That experience — together with the day-to-day frictions of integrating HPKE through a library that wasn’t built to make those bug classes structurally impossible — is what got us thinking about a rewrite. Three frictions in particular kept showing up.

The provider abstraction. hpke-rs is structured as a generic library over an HpkeCrypto trait, with two backend implementations — RustCrypto and libcrux — shipped as separate crates. The abstraction is real engineering and serves a real purpose: it lets a deployment swap the underlying crypto stack without touching call sites. The cost is that every primitive call goes through a trait dispatch, every Hpke value carries a 320-byte instance struct (most of it a 256-byte ChaCha20 PRNG state), and the workspace is four crates instead of one.

The struct-owned PRNG. Hpke<Crypto>::new constructs and stores a PRNG. That PRNG is reused across operations, which is fine functionally but creates a subtle aliasing hazard: cloning an Hpke does not clone the PRNG state — per the rustdoc — so a careless clone can reset randomness in ways that aren’t visible at the call site. This is the kind of footgun whose damage is invisible until the day it isn’t.

Option<&[u8]> for required-by-mode arguments. hpke.seal(&pk, info, aad, pt, None, None, None) is the canonical Base-mode call. The three Nones are the PSK, PSK ID, and sender static key — all required in the Auth or AuthPsk modes. The single seal method accepts every mode by making mode-specific arguments optional, which means the type system can’t tell you that you’ve built a Base-mode call with a PSK supplied.

These are not catastrophic problems. They’re the kind of small persistent costs you stop noticing until you build the alternative.

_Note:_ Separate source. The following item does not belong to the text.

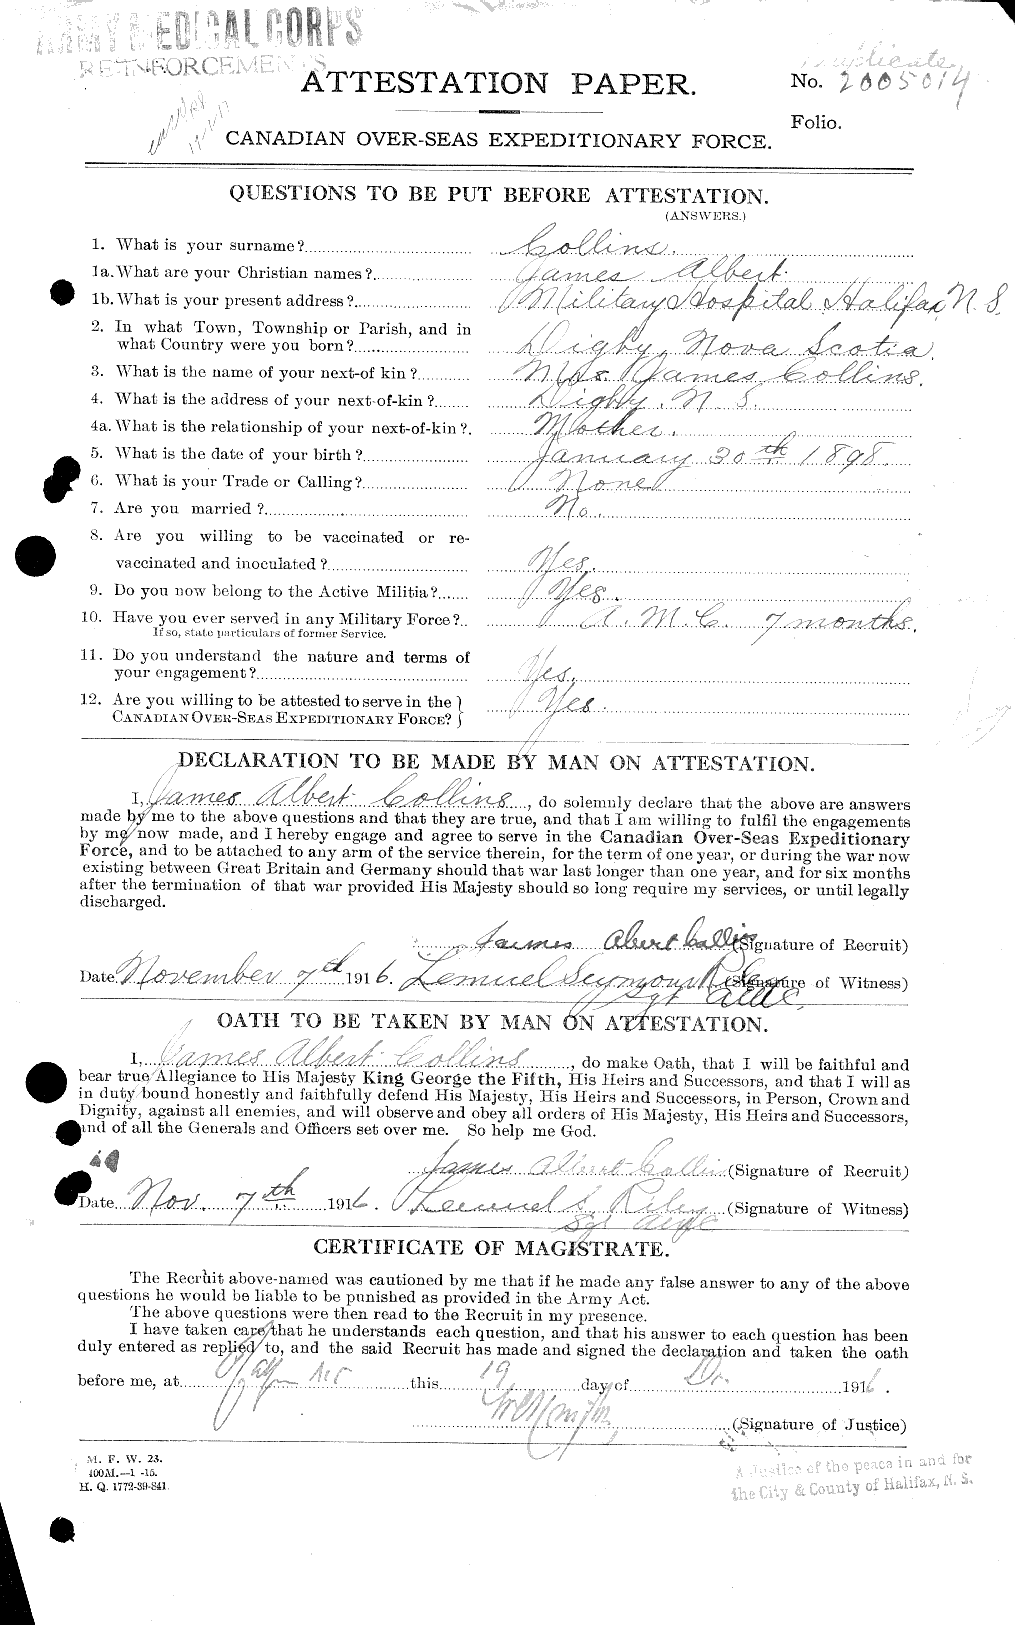 Personnel Records of the First World War - CEF 037925a

The shape change: enum dispatch becomes type-state

The single biggest design difference between hpke-ng and hpke-rs is what carries the ciphersuite. In hpke-rs, the ciphersuite is four runtime enums (Mode, KemAlgorithm, KdfAlgorithm, AeadAlgorithm) constructed at Hpke::new time. In hpke-ng, the ciphersuite is the type itself — Hpke<DhKemX25519HkdfSha256, HkdfSha256, ChaCha20Poly1305> — and the struct body is PhantomData<(K, F, A)>. Zero bytes at runtime; everything resolved at the call site by the compiler.

canonical seal · "encrypt one message"
hpke-rs7 args · 3× Option<&[u8]>
let mut hpke = Hpke::<HpkeRustCrypto>::new(
    Mode::Base,
    KemAlgorithm::DhKem25519,
    KdfAlgorithm::HkdfSha256,
    AeadAlgorithm::ChaCha20Poly1305,
);
let kp = hpke.generate_key_pair()?;
let (sk, pk) = kp.into_keys();
let (enc, ct) = hpke.seal(
    &pk, info, aad, pt,
    None, None, None, // psk, psk_id, sk_s
)?;
hpke-ng5 args · zero placeholders
type Suite = Hpke<
    DhKemX25519HkdfSha256,
    HkdfSha256,
    ChaCha20Poly1305,
>;
let mut os = OsRng;
let mut rng = os.unwrap_mut();
let (sk, pk) = DhKemX25519HkdfSha256::generate(&mut rng)?;
let (enc, ct) = Suite::seal_base(
    &mut rng, &pk, info, aad, pt,
)?;

The visible consequence is the call site. The invisible consequence is what the compiler can rule out:

Operationhpke-rshpke-ng
Hpke::<XWingDraft06, _, _>::seal_auth(...)
runtime Error::UnsupportedKemOperation
compile trait bound K: AuthKem not satisfied
Hpke::<_, _, ExportOnly>::seal_base(...)
runtime HpkeError::InvalidConfig
compile no seal_base on ExportOnly
Wrong KemAlgorithm for a private key
runtime mismatch error at setup_*
compile key types are KEM-tagged
Base-mode call with Some(psk) argument
runtime HpkeError::UnnecessaryPsk
compile seal_base has no PSK parameter

Each row is a runtime error in hpke-rs and a compiler diagnostic in hpke-ng. The X-Wing/seal_auth line is the cleanest example: X-Wing is a KEM, but it isn’t a Diffie-Hellman KEM, so it has no notion of authenticated encapsulation. In hpke-rs, calling seal_auth on an X-Wing-configured Hpke returns Error::UnsupportedKemOperation at runtime. In hpke-ng, the trait bound on seal_auth requires K: AuthKem, and XWingDraft06 does not implement AuthKem — so the call doesn’t compile. The same shape applies to the other rows.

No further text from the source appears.